§ LISTED RECORDS:

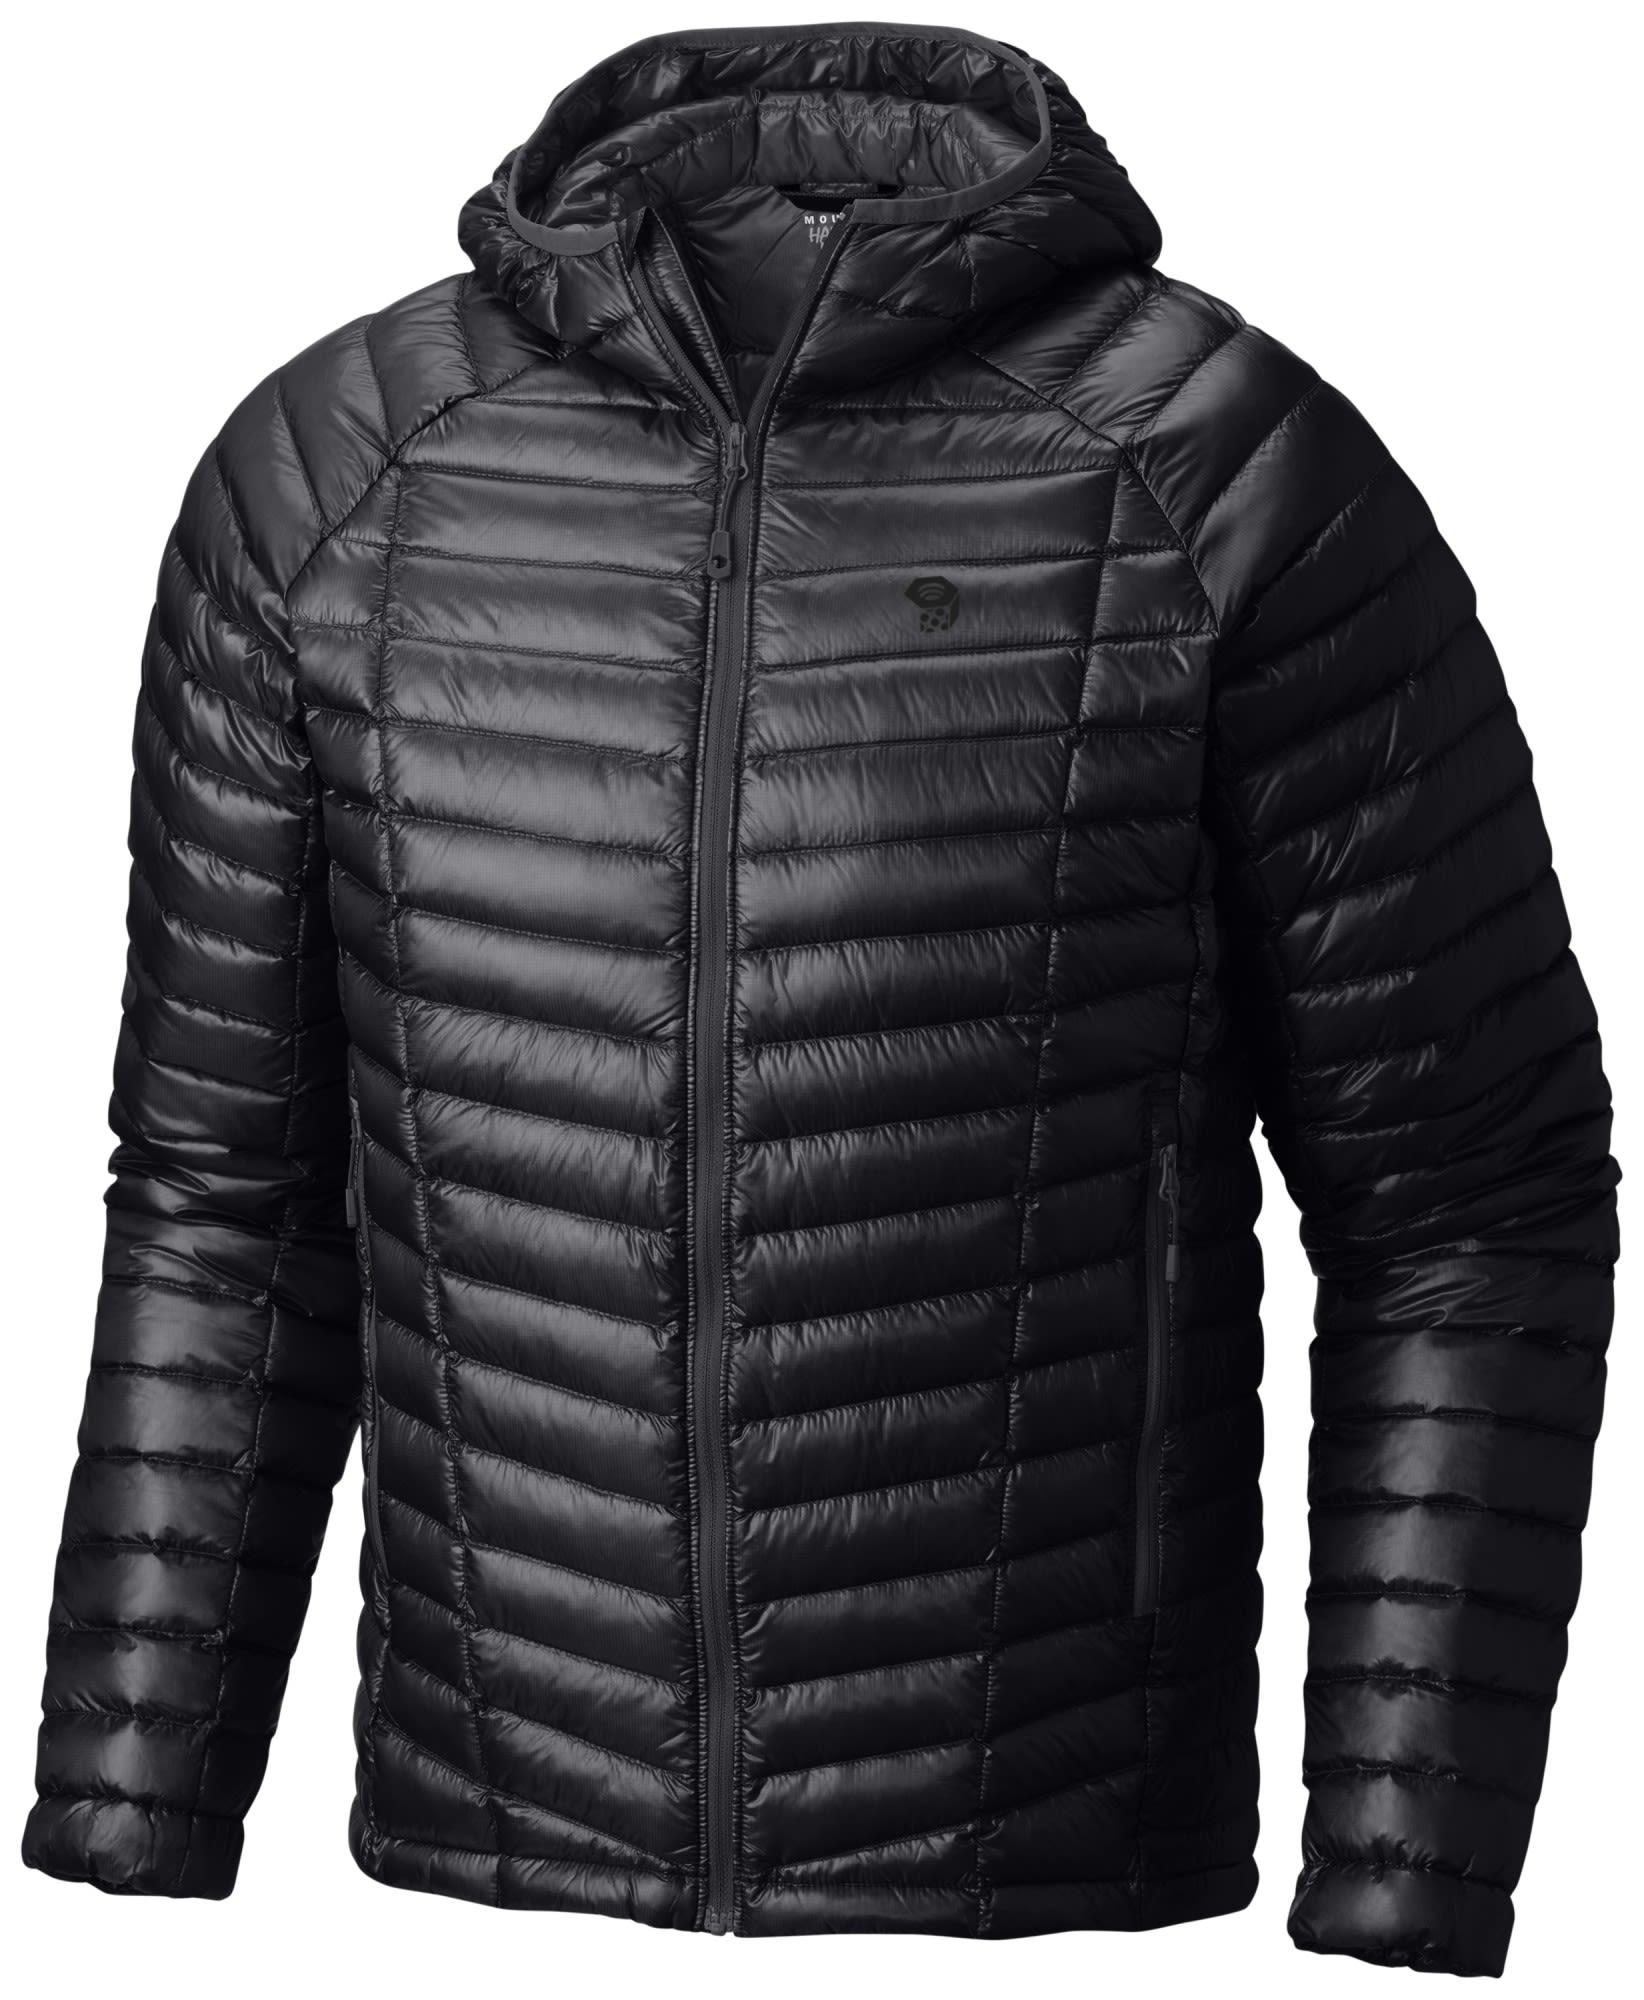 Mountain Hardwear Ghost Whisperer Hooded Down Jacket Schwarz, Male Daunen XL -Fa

* * *

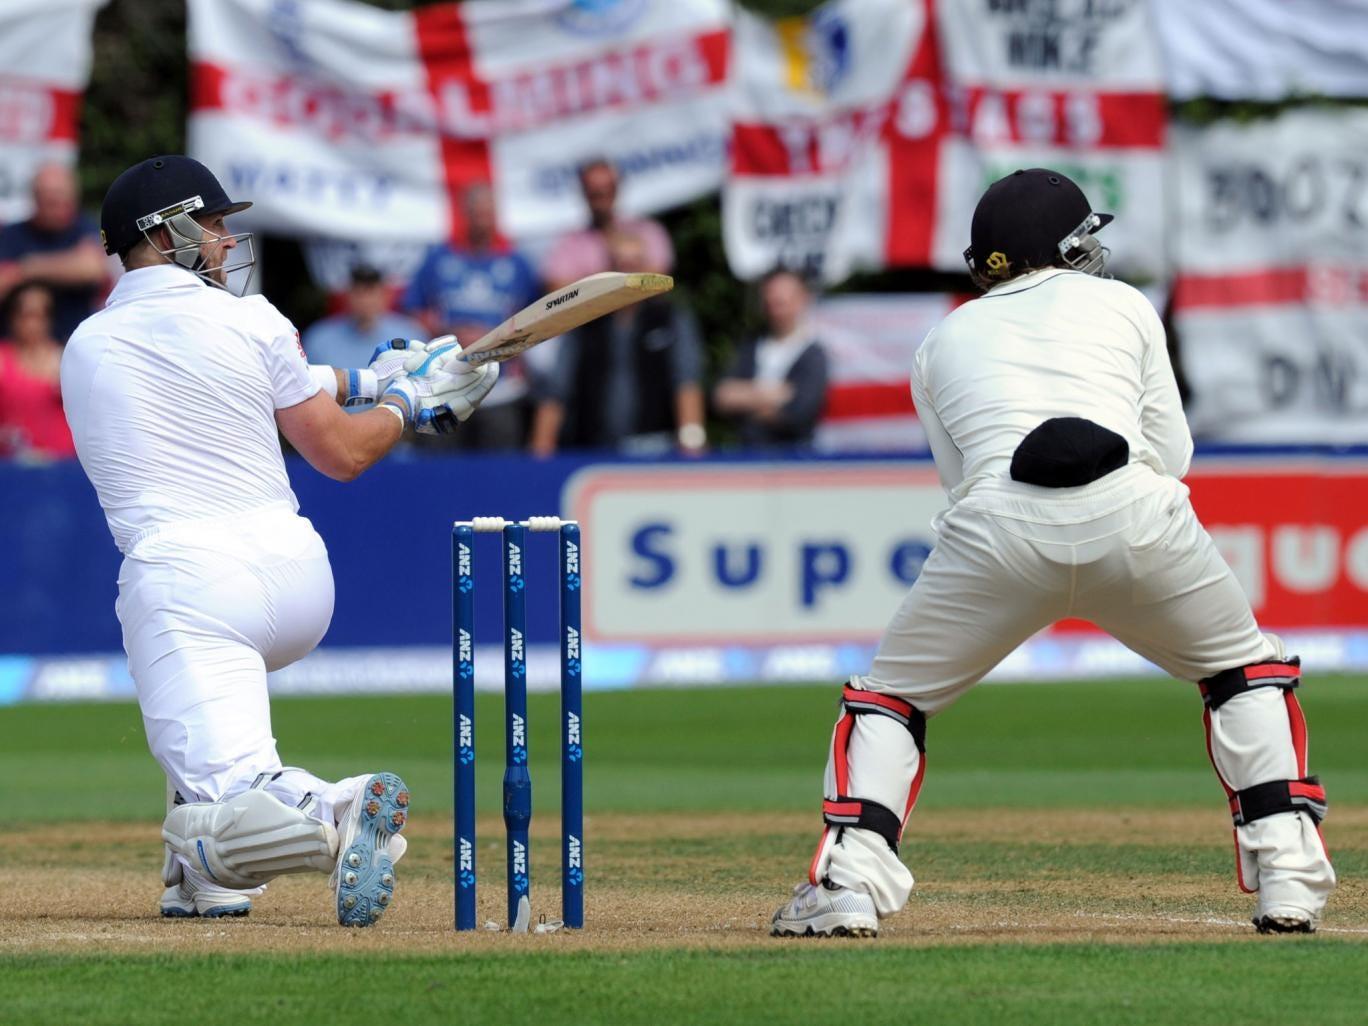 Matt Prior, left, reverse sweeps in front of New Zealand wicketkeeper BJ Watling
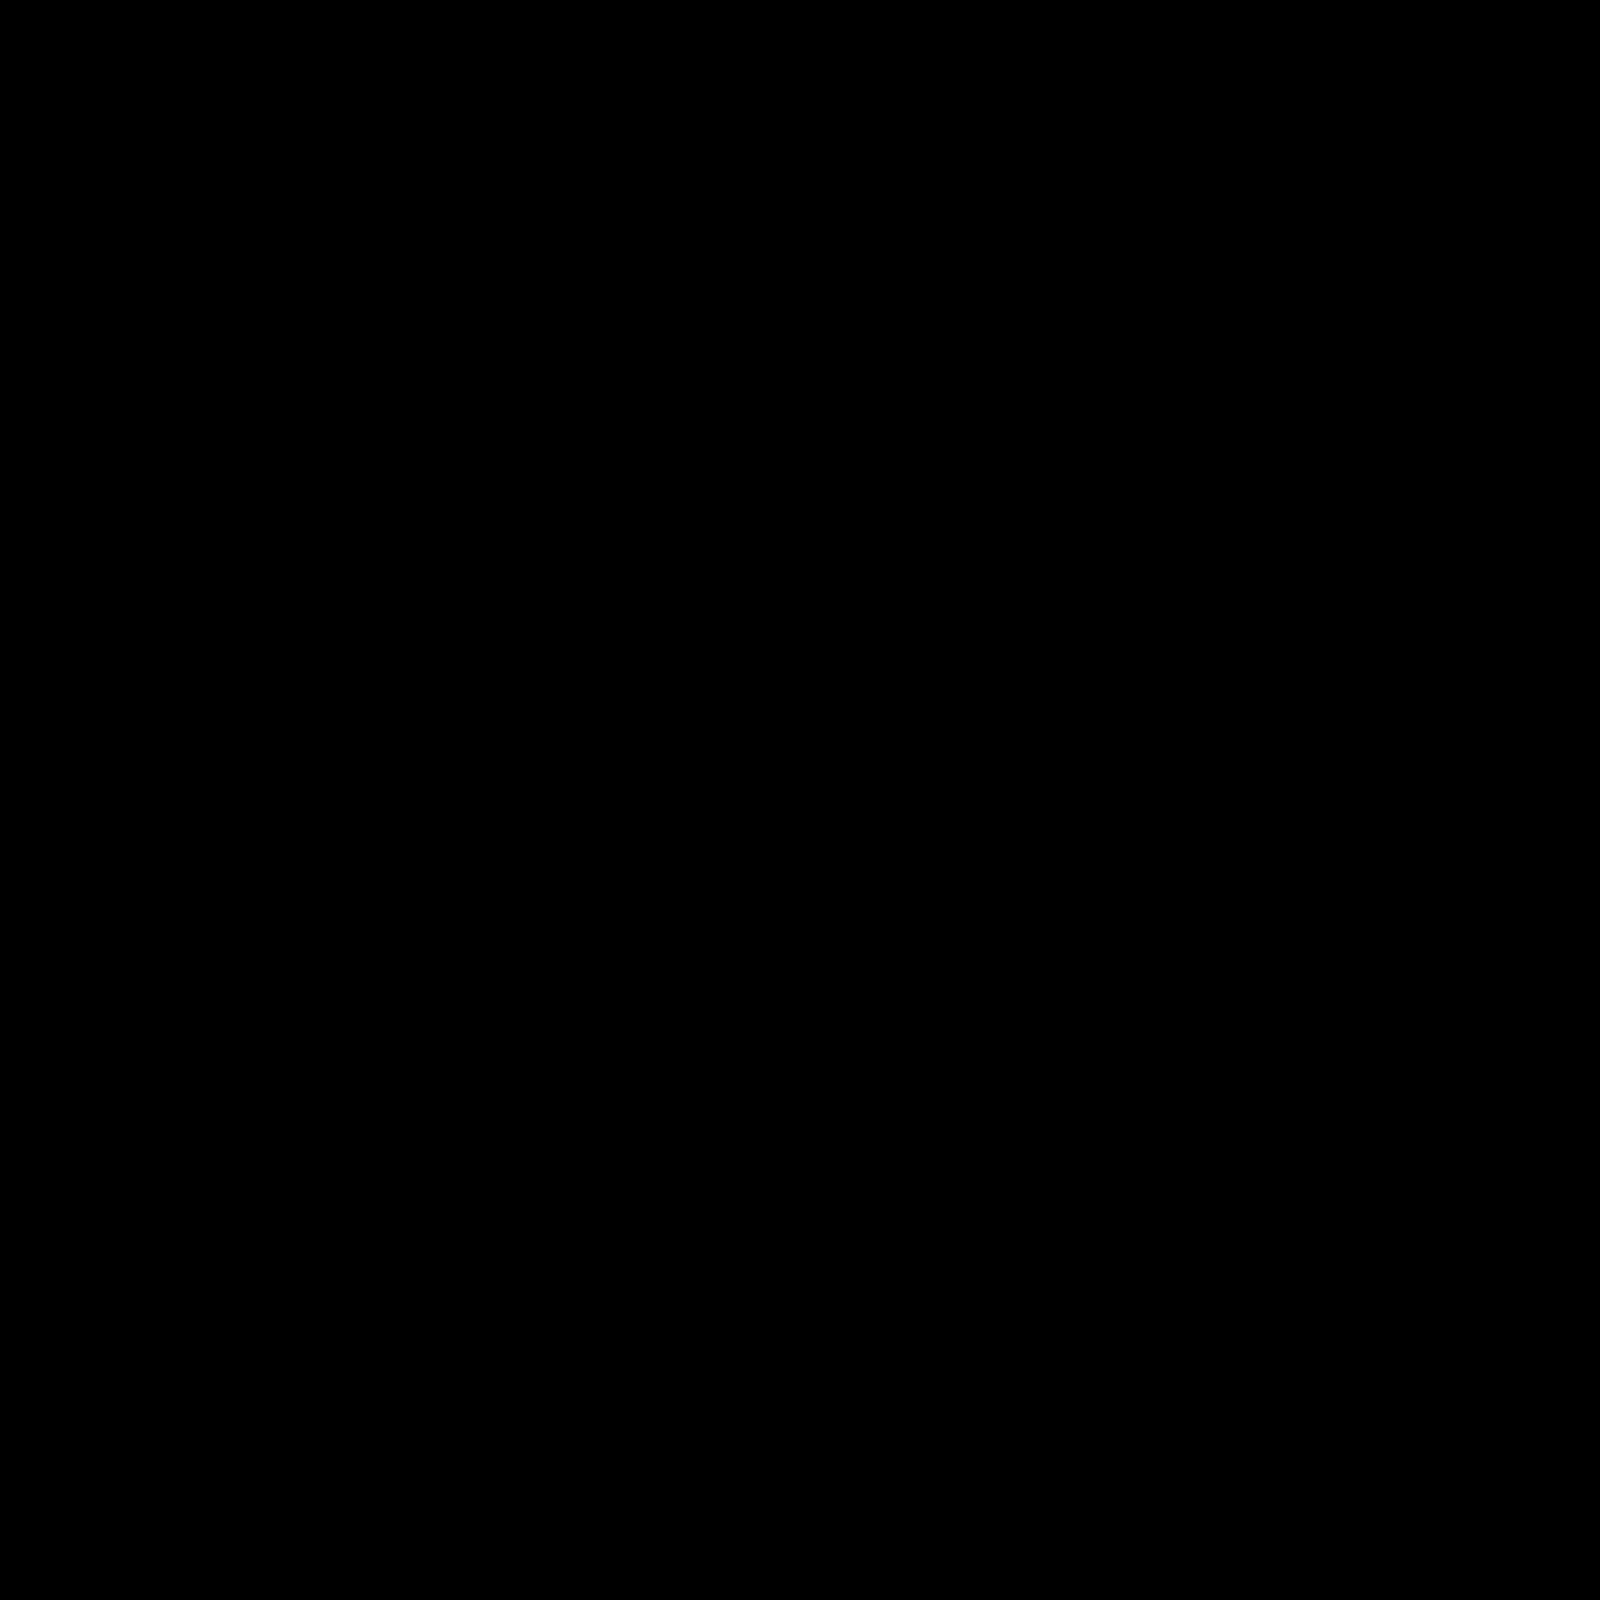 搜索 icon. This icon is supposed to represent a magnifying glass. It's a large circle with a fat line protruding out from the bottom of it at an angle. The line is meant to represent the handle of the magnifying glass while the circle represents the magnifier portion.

§ TASK OBJECTIVE:
Excerpt from the records above: set down only the lines from the one that contains "Matt Prior, left, reverse" through the one that contains "搜索 icon. This", inclusive, word for word. Pictures stay out.

§ EXERCISE RESULT:
 Matt Prior, left, reverse sweeps in front of New Zealand wicketkeeper BJ Watling
 搜索 icon. This icon is supposed to represent a magnifying glass. It's a large circle with a fat line protruding out from the bottom of it at an angle. The line is meant to represent the handle of the magnifying glass while the circle represents the magnifier portion.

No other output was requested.